What makes our minds form many separate mental realms, instead of attempting, as scientists do, to see all aspects of the world in a unified way? Because, at least in everyday life, the latter simply isn't practical. Consider how different the rules are within the physical and social realms. If you want your furniture inside a different room, you normally would push it there. But when you want to move your party guests, it would be rude to push them there. Contrast the principles of physics and geometry with those we use in the social realm. In the physical realm, the rules seem very orderly:
-- A stationary object stays where it is unless another object pushes it. --- A moving object continues in its course until some external force makes it stop. ----All unsupported objects start to fall.
-----No two things can occupy the same location. -----Etc.
These principles seem clear to us — but infants cannot appreciate them until they've built up ways to represent ingredients like thing, shape, place, move, and near. It takes each child many years to develop these abilities.

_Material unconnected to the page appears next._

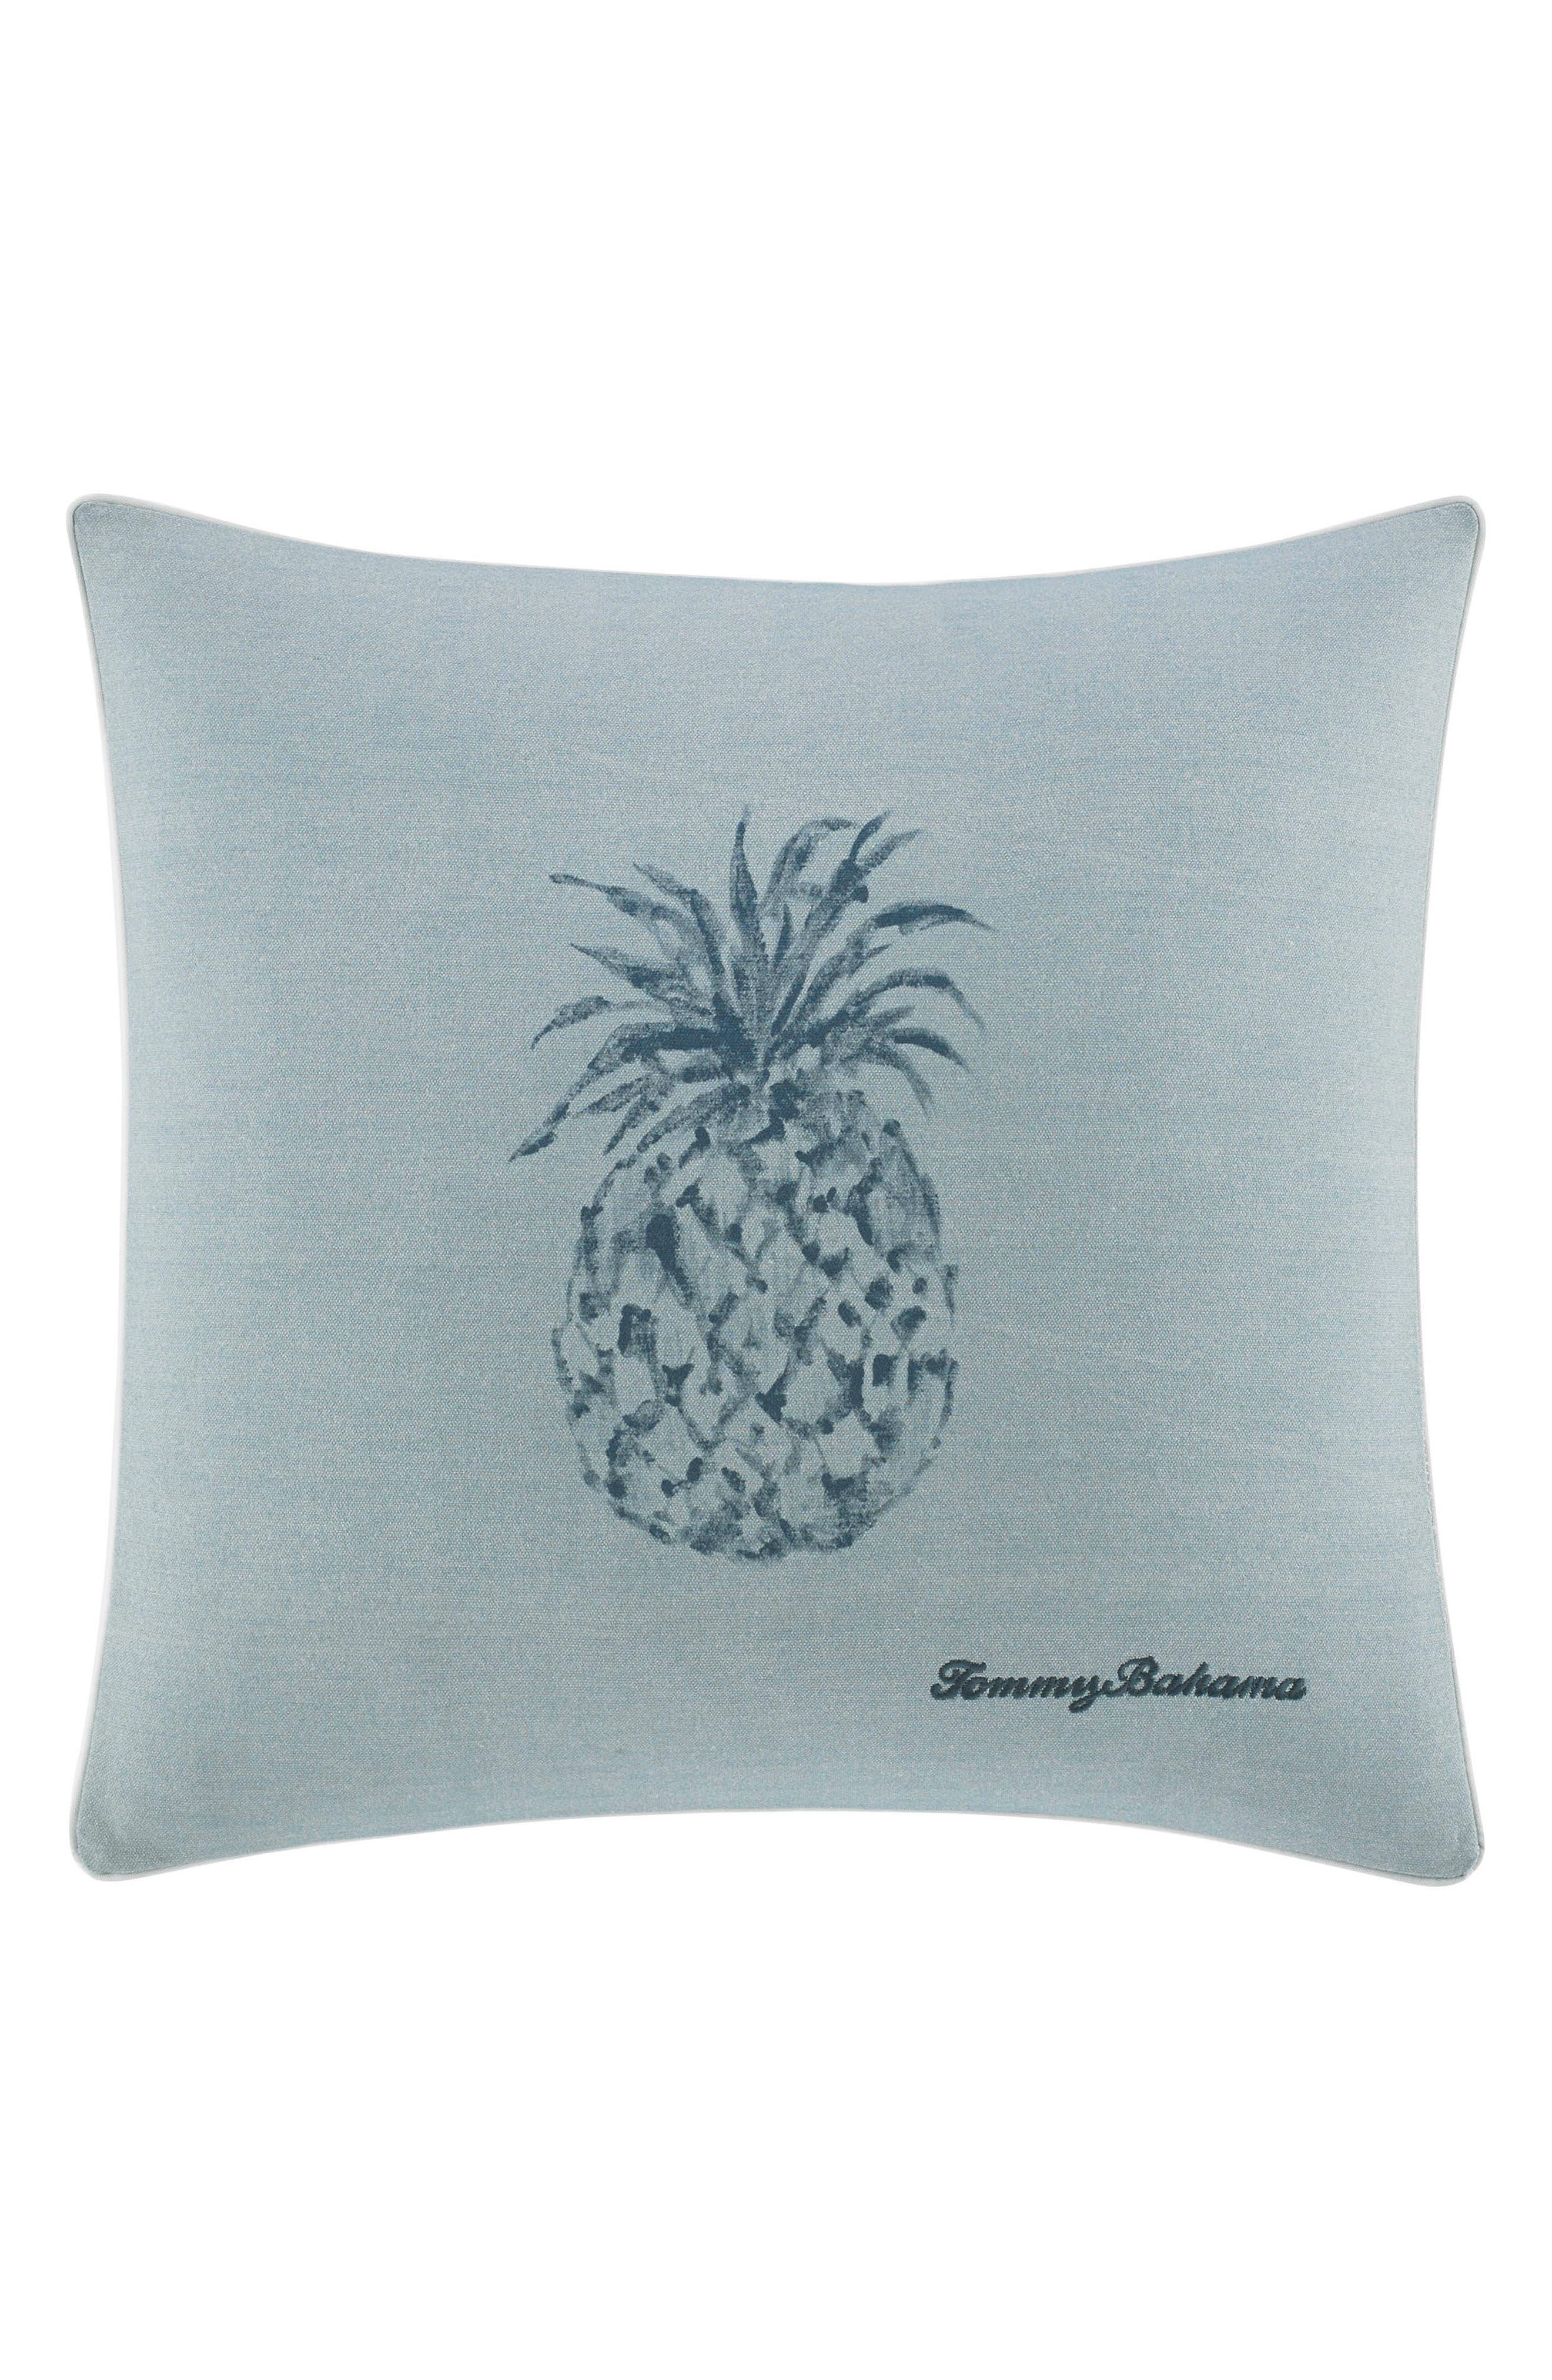 Raw Coast Pineapple Pillow,                         Main,                         color, BLUE

Our comprehensions of social acts are based on different principles. When an ordinary object moves around, we usually see an obvious cause; most likely, another object pushed it. But when we see a person move, we rarely see the cause at all — because it's buried in a brain. In predicting how a person will react to an expression or gesture, we have little use for physical properties like color, shape, or place. Instead, we employ almost entirely different conceptions. To guess the outcome of a social interaction, we have to be able to represent each person's mental state — and to do that, we must develop concepts about traits, dispositions, motives, and plans. The concepts that serve so well for physical objects are of little help within the social realm — and vice versa.

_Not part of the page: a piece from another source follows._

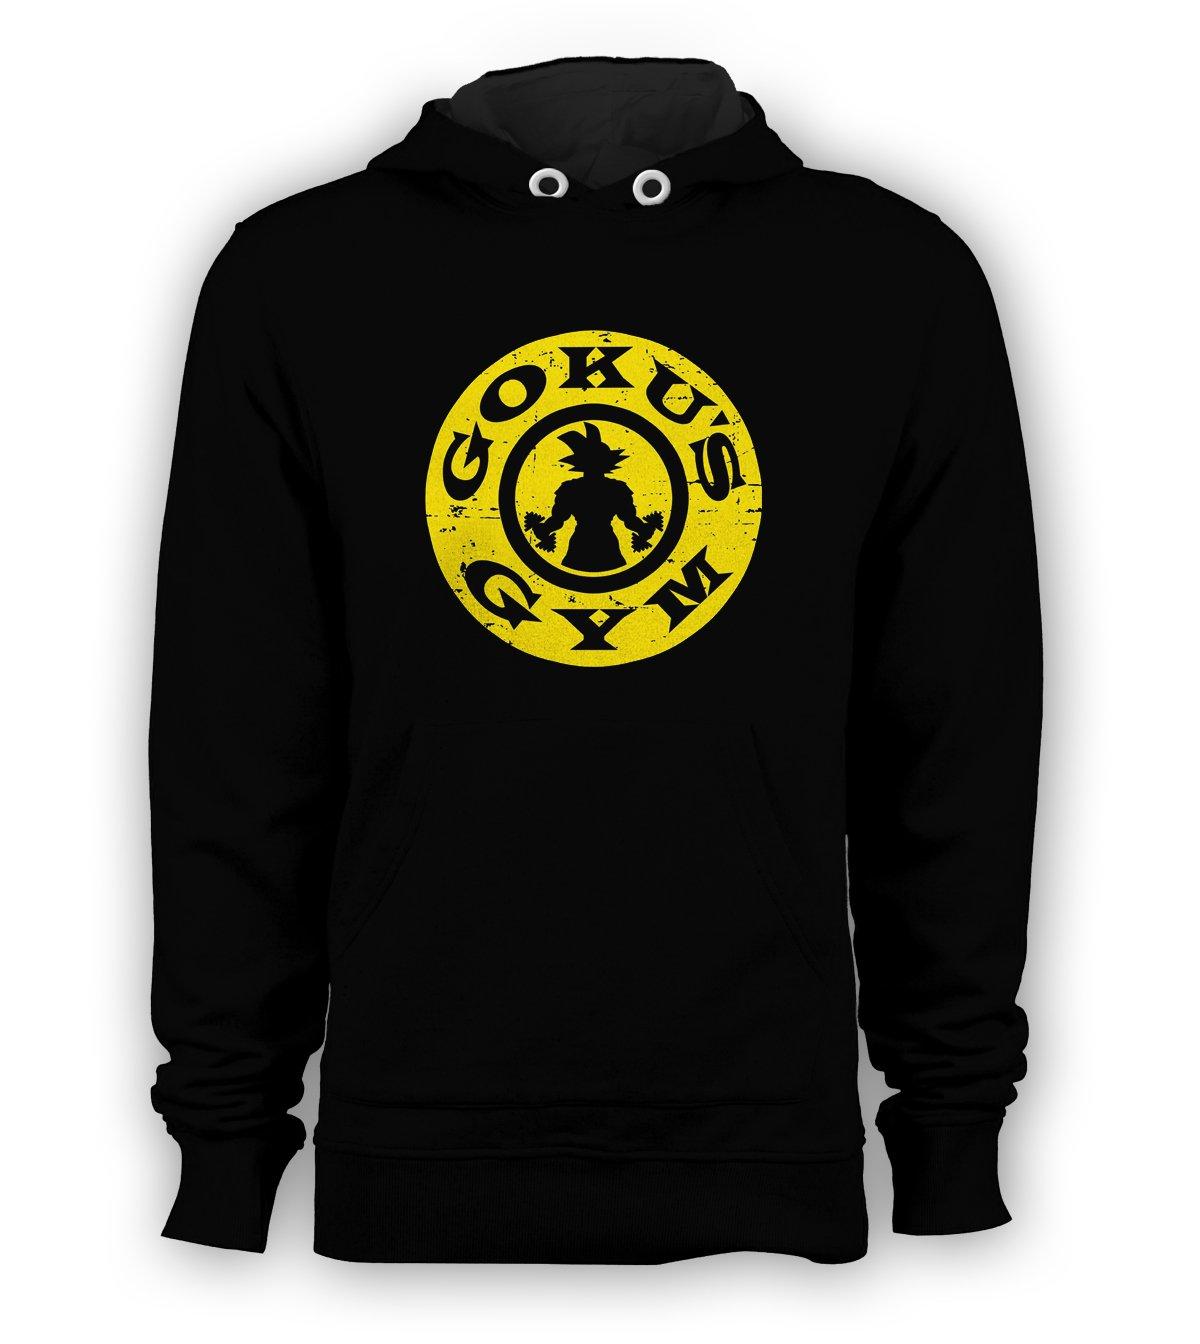 Goku's Gym Bro DBZ Super Saiyan Gym Exercise Pullover Hoodie Men Sweatshirts Size S to 3XL New Black

When normal children start to talk, among the early aspects of their speech are words that distinguish animate things. Frequently, a child will use a single expression for all kinds of animals, and for everything else that can move by itself — for example, an automobile. According to our view of things, this surely is no accident.

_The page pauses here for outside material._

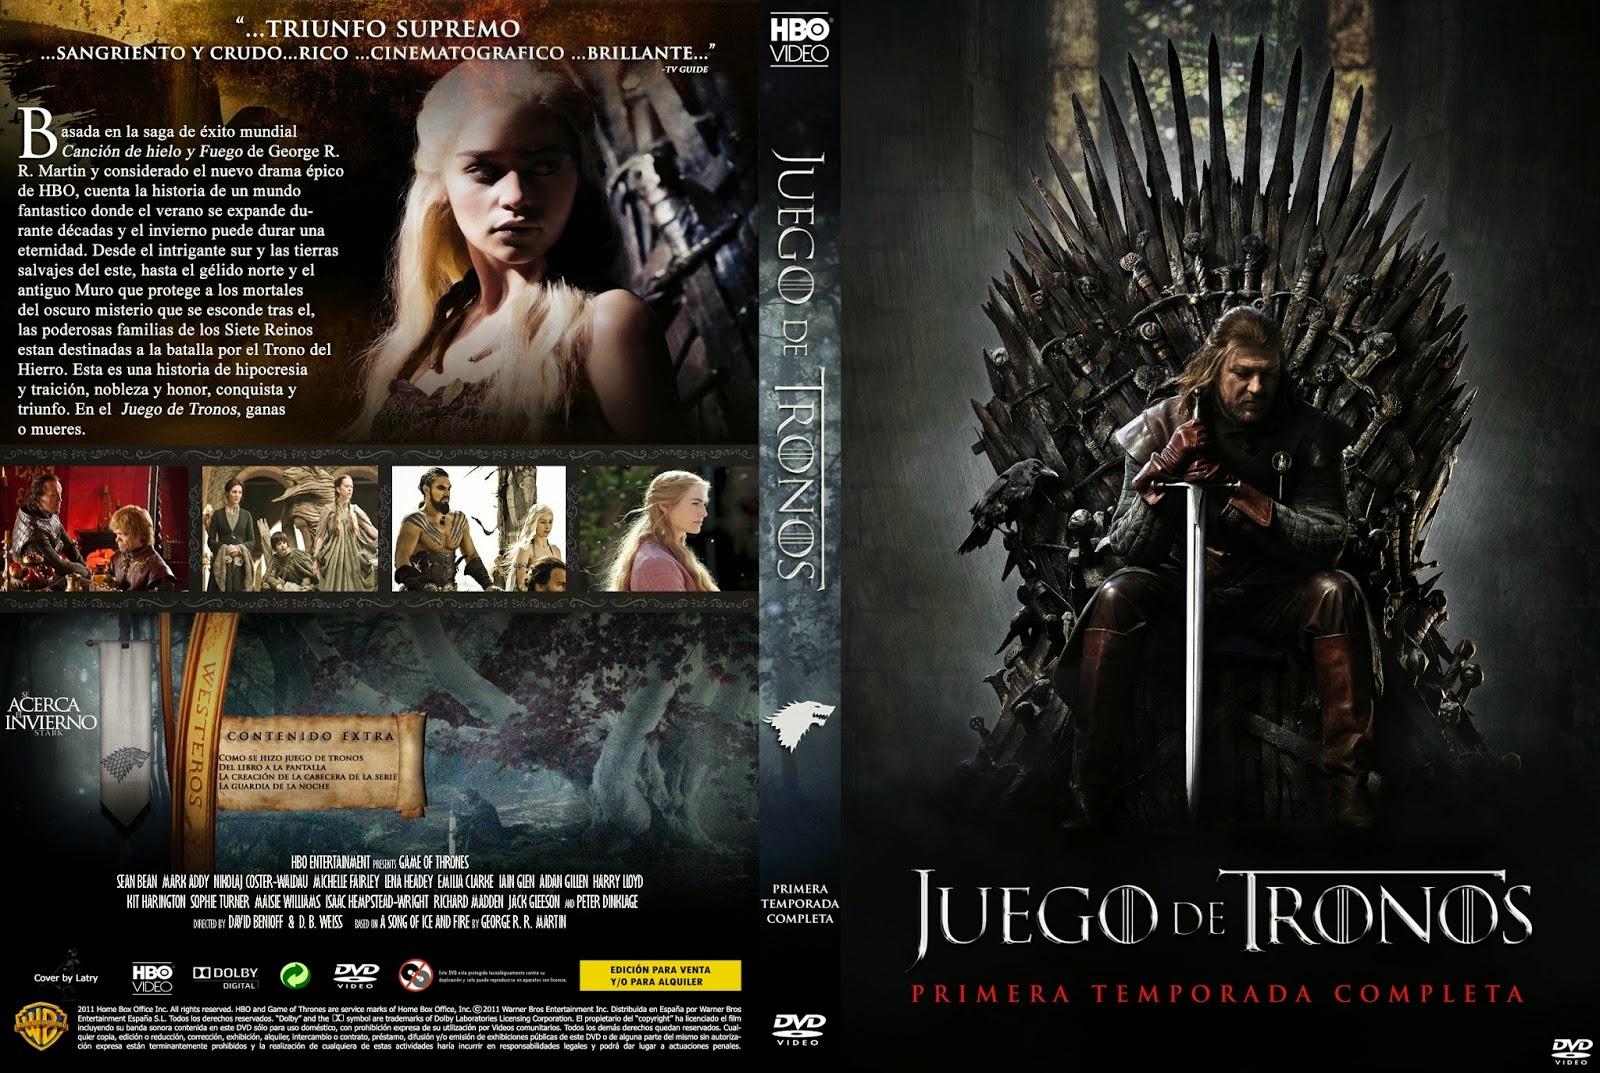 Descargar Juego De Tronos Temporada 1 Castellano Mega Millions ...

To adults, the laws that govern the physical world seem simpler and more orderly than those that apply to human events. Does this mean that for infants, too, it should be easier first to master the physical world and later to proceed toward social and psychological understanding? No. Paradoxically, the social realm is initially the easier! Imagine that an infant wants a certain toy and that there's a sympathetic person near. The easiest thing is to make a request — that is, a gesture, smile, or cry — and this will probably achieve the goal. It would be far more difficult for the infant to coordinate all the complicated machinery for planning and executing the trajectory for propelling the object from where it is to where the infant wishes it to be. From the point of view of a physically helpless infant, the social realm is by far the simpler one.